Produsen minyak goreng (migor) menolak kewajiban fortifikasi (penambahan) vitamin A. Pasalnya, aturan ini akan menjadi pemborosan bagi devisa negara karena produsen harus mengimpor vitamin A sintetik. Selain itu, bisa menimbulkan risiko hukum bagi perusahaan jika tidak memenuhi kewajiban.

DIREKTUR Eksekutif Gabungan Industri Minyak Nabati Indonesia (GIMNI) Sahat Sinaga menjelaskan, alasan produsen menolak mandatori fortifikasi vitamin A minyak goreng. Sebab, kebijakan penambahan vitamin A sintetis haruslah diimpor dari perusahaan di negara lain.

“Jika fortifikasi menjadi wajib, akibatnya Indonesia bergantung kepada impor Vitamin A sintetik. Setiap tahun, kita akan buang devisa ratusan juta dolar ke luar negeri,” kata Sahat di Jakarta, kemarin.

Persoalan lain adalah efektivitas fortifikasi vitamin A di minyak goreng sawit. Karena ada rentang waktu pengiriman minyak goreng dari pabrik sampai ke masyarakat. Isu ini terkait dengan stabilitas Vitamin A mulai dari pabrik sampai ke retailer dan retensi vitamin A pada saat penggorengan.

“Tidak ada jaminan berapa kadar kandungan vitamin A sampai di tangan konsumen. Apabila di bawah ambang batas, kami (produsen) bisa dituntut,” ucap Sahat.

Produsen juga khawatir dengan adanya kata penambahan Vitamin A. Sebab, jika tidak ditambahkan vitamin A meskipun mengandung fortifikan alamiah beta karoten yang setara dengan aktifitas vitamin A 45 IU/g, minyak goreng sawit tidak dapat digolongkan sebagai minyak goreng sesuai SNI meskipun berasal minyak sawit.

Sahat mengusulkan, pengecualian untuk kebijakan fortifikasi vitamin A. Aturan fortifikasi sebaiknya sukarela bukan mandatori. “Kita belum tahu seberapa efektif fortifikasi.

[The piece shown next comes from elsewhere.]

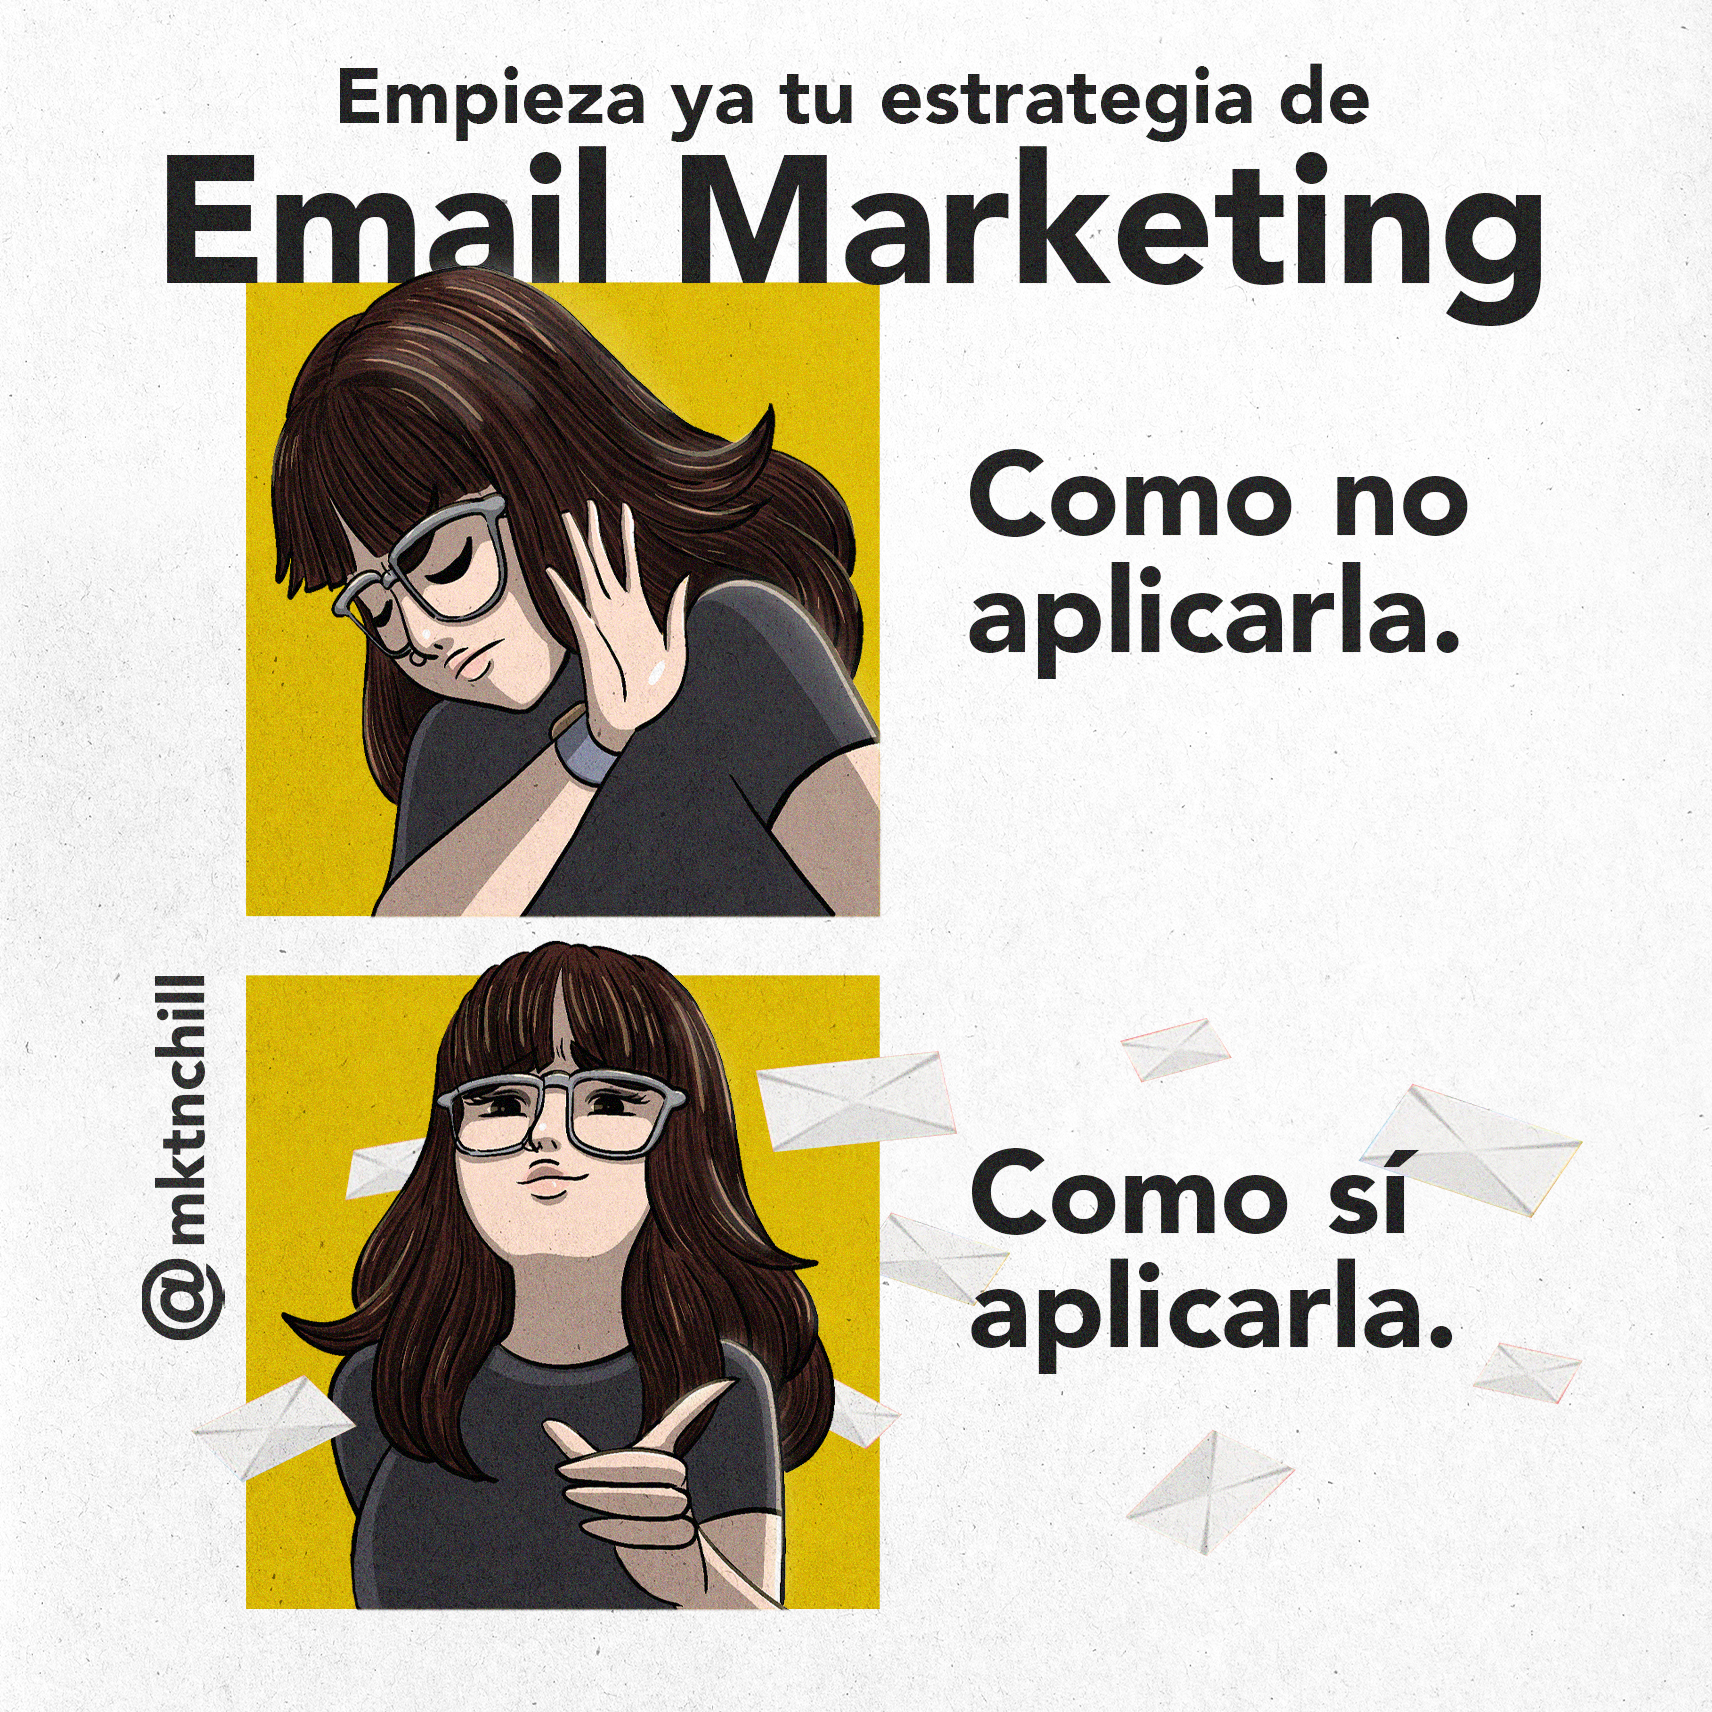 Featured Image for “Empieza ya tu estrategia de Email Marketing: como sí y como no”

Yang pasti penambahan vitamin A membuat devisa negara tersedot ke luar negeri,” kata Sahat.

Peluang Monopoli

Direktur Eksekutifpalm oilAgribusiness Strategic Policy Institute (PASPI) Tungkot Sipayung telah mengirimkan surat ke Ditjen Industri Agro Kementerian Perindustrian (Kemenperin) pada 13 Juli 2018. Menurutnya, aturan fortifikasi tidak berdasarkan kepada perintah perundang-undangan melainkan sebatas permintaan Meteri Kesehatan melalui surat kepada Kemenperin pada 2012 lalu.

Penambahan vitamin A sintetik berpeluang menciptakan monopoli. Karena pemasok vitamin A ini terbatas kepada dua negara saja. Tidak menutup kemungkinan produsen vitamin A bisa mengendalikan industri minyak goreng sawit di dalam negeri. Itu sebabnya, fortifikasi berpotensi melanggar Undang-Undang No. 5 Tahun 1999 mengenai Larangan Praktek Monopoli dan Persaingan Usaha Tidak Sehat.

Pihaknya mendukung SNI minyak gorengsawityang masih dalam proses penyusunan. Tetapi untuk fortifikasi sebaiknya sukarela.

Menurut dia, untuk mengatasi defisiensi vitamin A termasuk stunting anak balita di Indonesia dapat diatasi dengan dua cara. Pertama pemberian vitamin A langsung kepada balita. Kedua, fortifikasi vitamin A kepada produk makanan/minuman balita melalui peraturan Menteri Perindustrian sendiri.

Untuk diketahui, saat ini Kemenperin sedang menyusun revisi Peraturan Menteri Perindustrian No.87 Tahun 2013 tentang Pemberlakuan SNI 7709 2012 Minyak Gorengsawitdan terkait penambahan fortifikasi Vitamin A.